• WHAT NEEDS TO BE DONE: Leave out the pictures and restate the rest of the data exactly.

• MATERIAL PROVIDED:
- - -

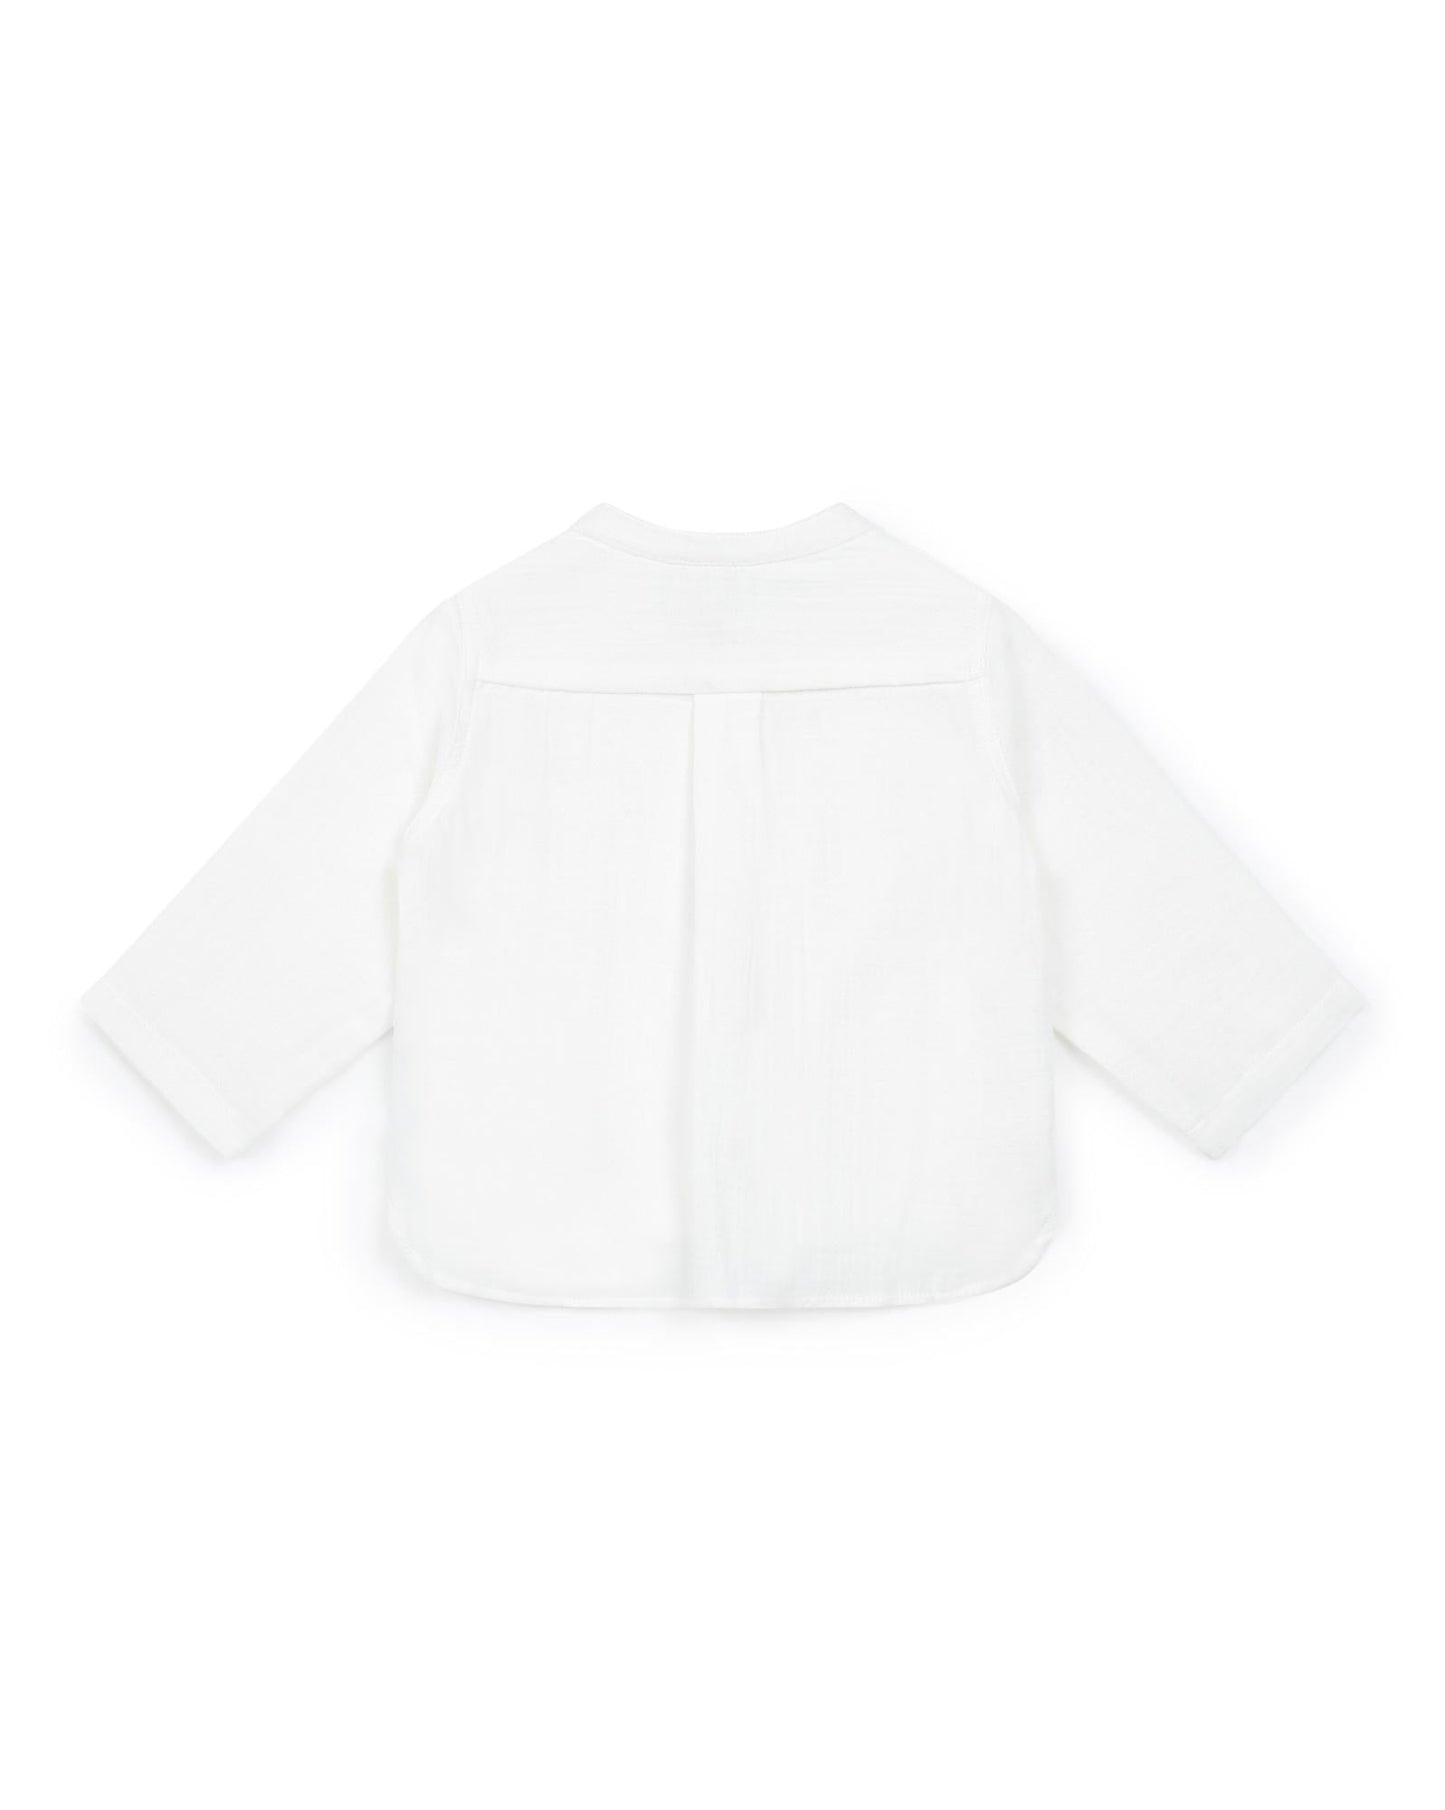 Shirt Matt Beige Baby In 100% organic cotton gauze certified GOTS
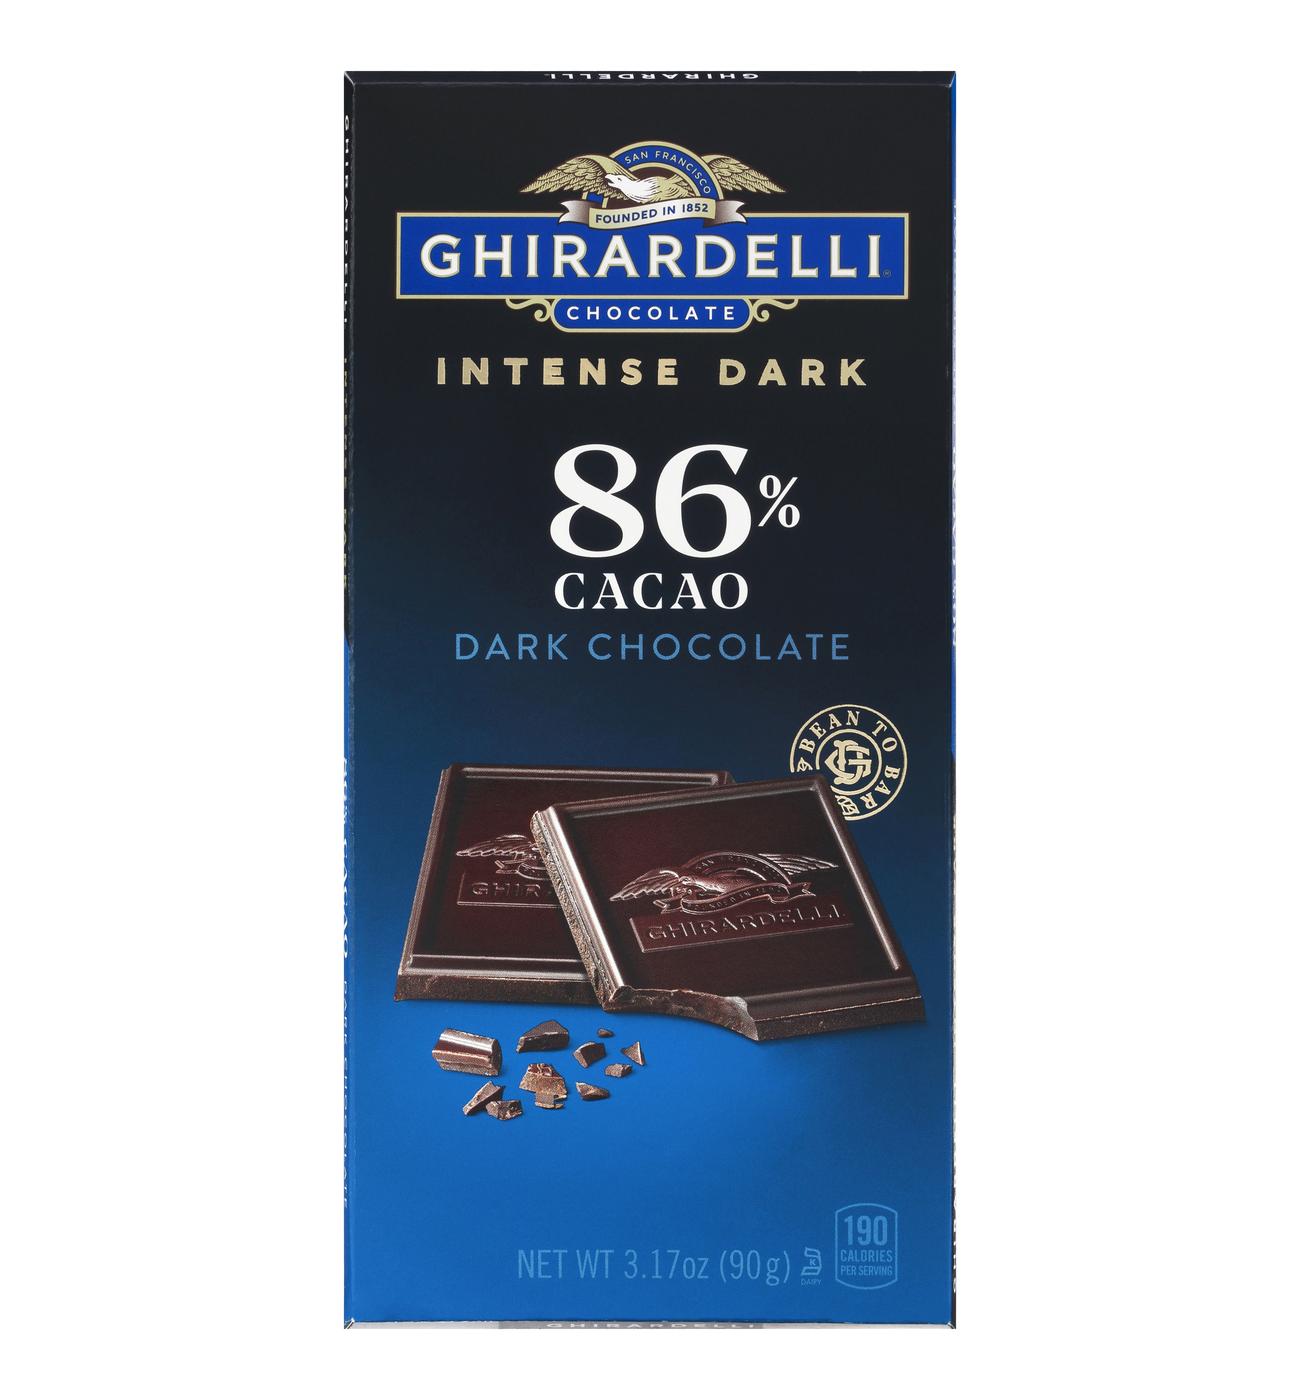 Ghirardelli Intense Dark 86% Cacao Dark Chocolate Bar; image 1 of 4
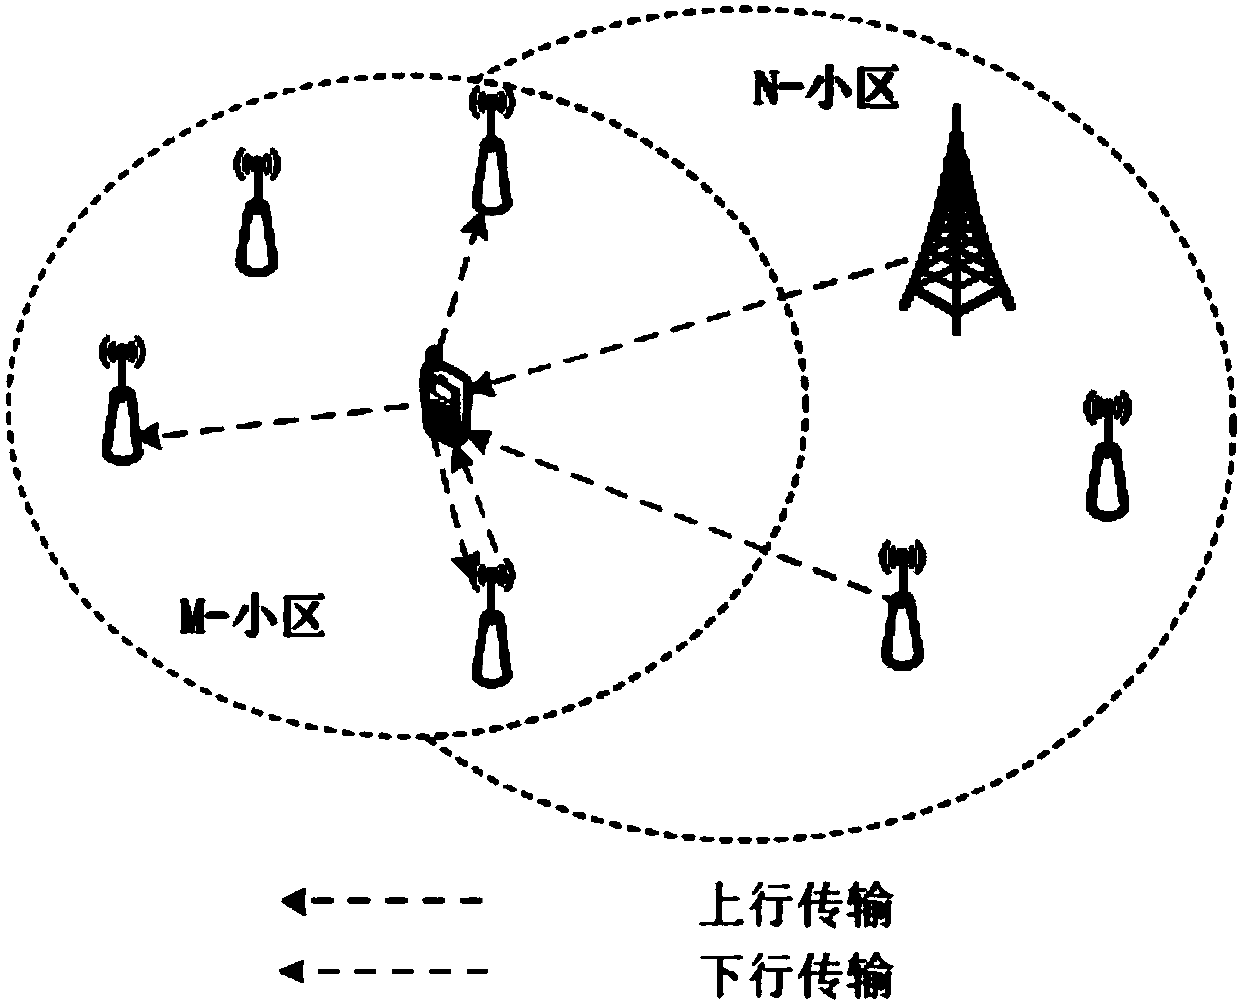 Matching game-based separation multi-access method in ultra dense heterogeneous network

- - -

• RESULT:
 Shirt Matt Beige Baby In 100% organic cotton gauze certified GOTS
 Ghirardelli Intense Dark 86% Cacao Dark Chocolate Bar; image 1 of 4
 Matching game-based separation multi-access method in ultra dense heterogeneous network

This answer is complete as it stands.